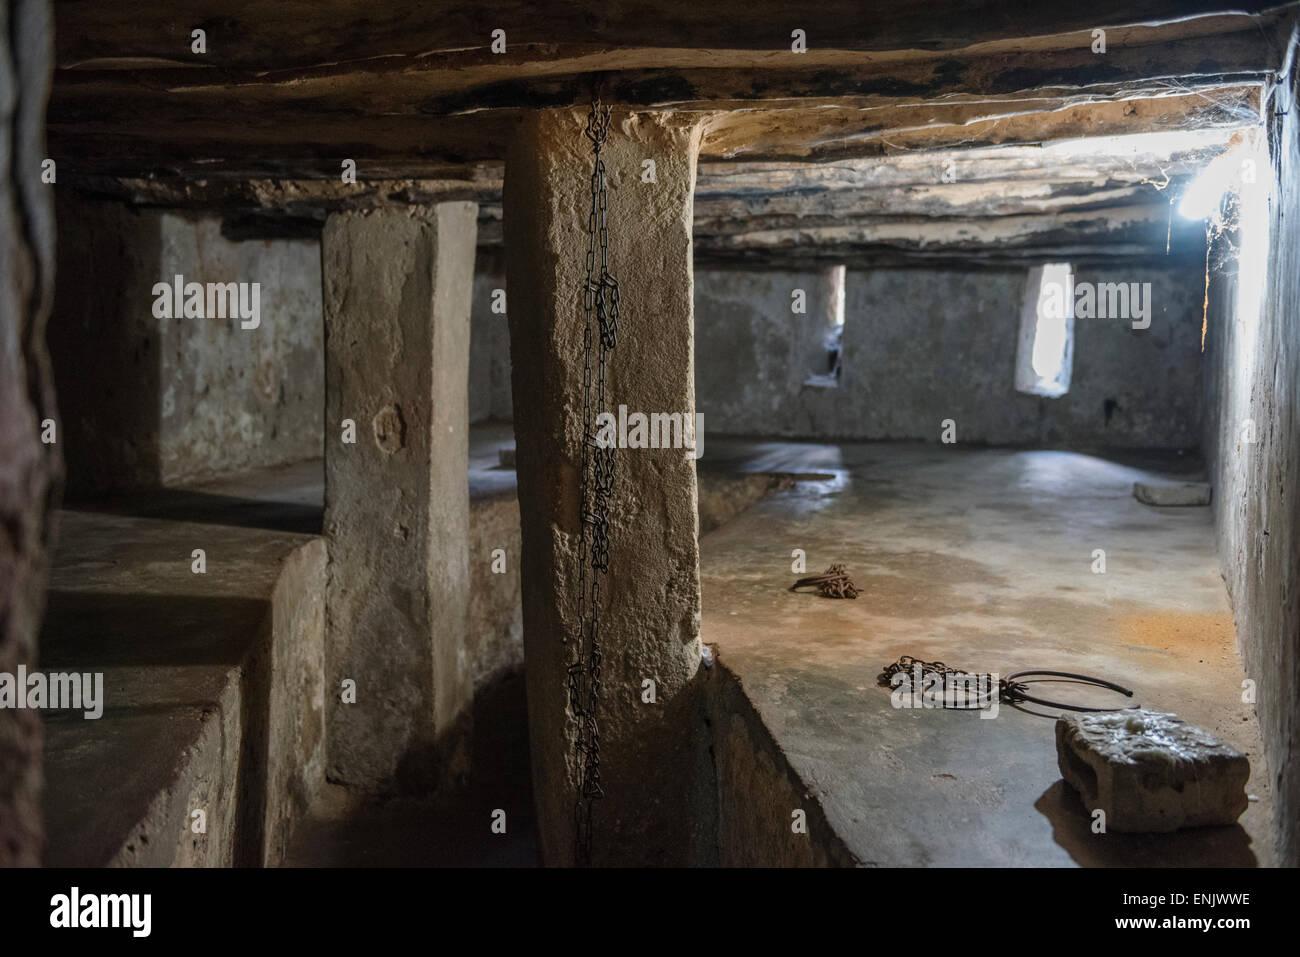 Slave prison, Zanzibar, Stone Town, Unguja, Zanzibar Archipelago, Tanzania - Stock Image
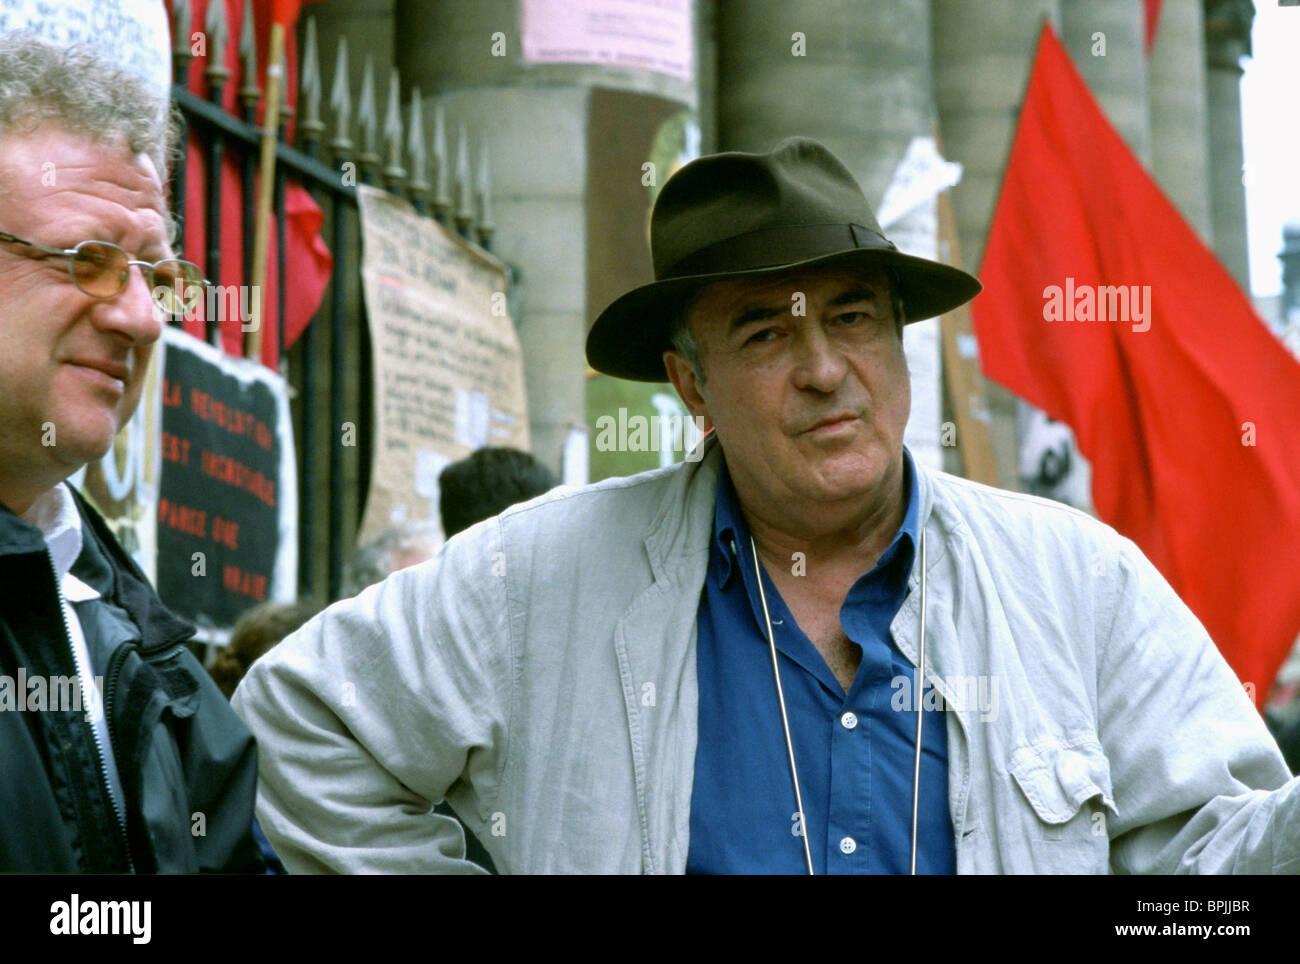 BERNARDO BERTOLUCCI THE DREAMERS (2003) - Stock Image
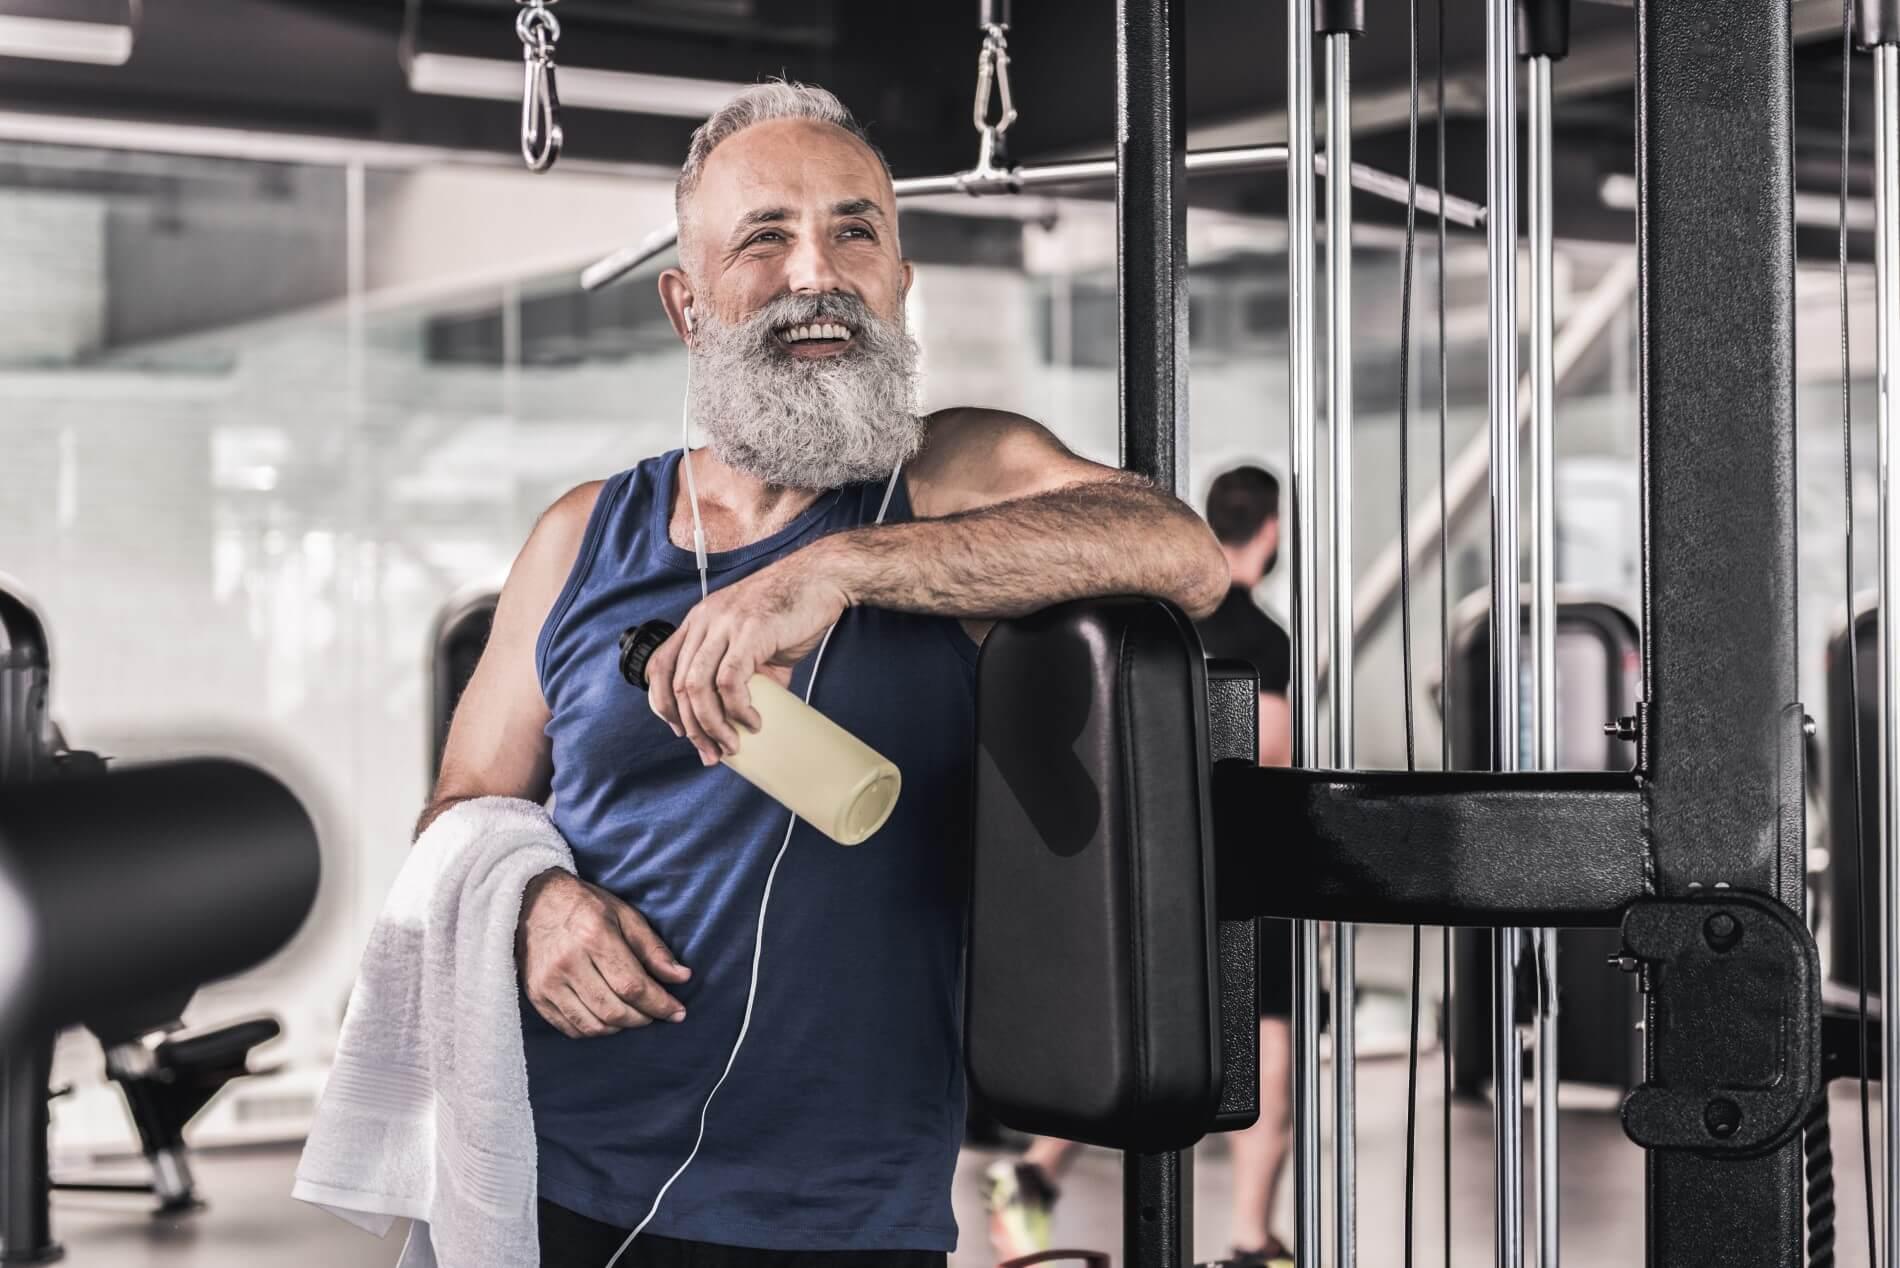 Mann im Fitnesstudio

◇ ◇ ◇

# Work task
Retype the lines starting with the one that holds "BERNARDO BERTOLUCCI THE" and ending with the last line of the data above, both included; skip the pictures.

# Solution for this task
 BERNARDO BERTOLUCCI THE DREAMERS (2003) - Stock Image
 Mann im Fitnesstudio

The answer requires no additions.